*** Block opens ***

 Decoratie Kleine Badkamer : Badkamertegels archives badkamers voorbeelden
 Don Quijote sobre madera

*** Block closes ***
*** Block opens ***

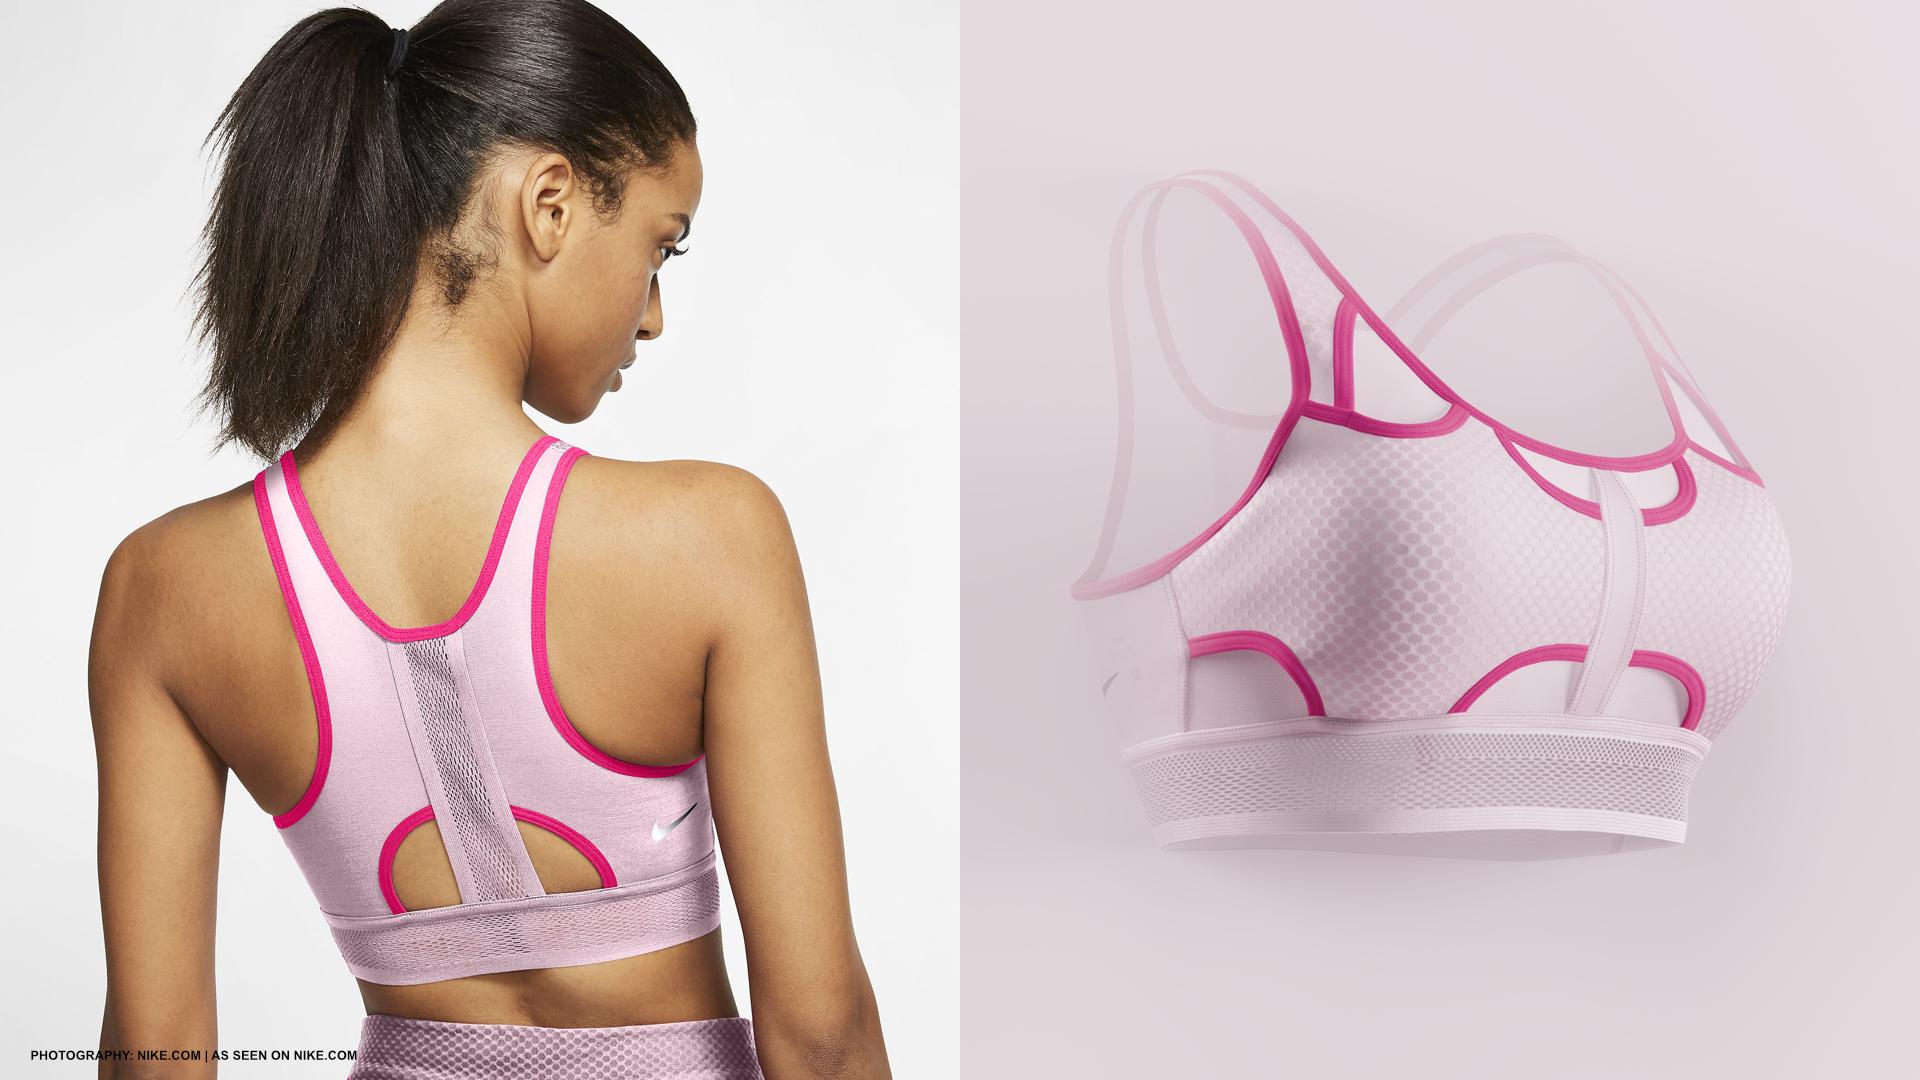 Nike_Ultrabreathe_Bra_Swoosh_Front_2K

*** Block closes ***

Problem to solve => There is a line with "Decoratie Kleine Badkamer" and a line with "Don Quijote sobre madera" above. Copy exactly those two lines and all lines between them, with nothing else.

Output of the task =>
 Decoratie Kleine Badkamer : Badkamertegels archives badkamers voorbeelden
 Don Quijote sobre madera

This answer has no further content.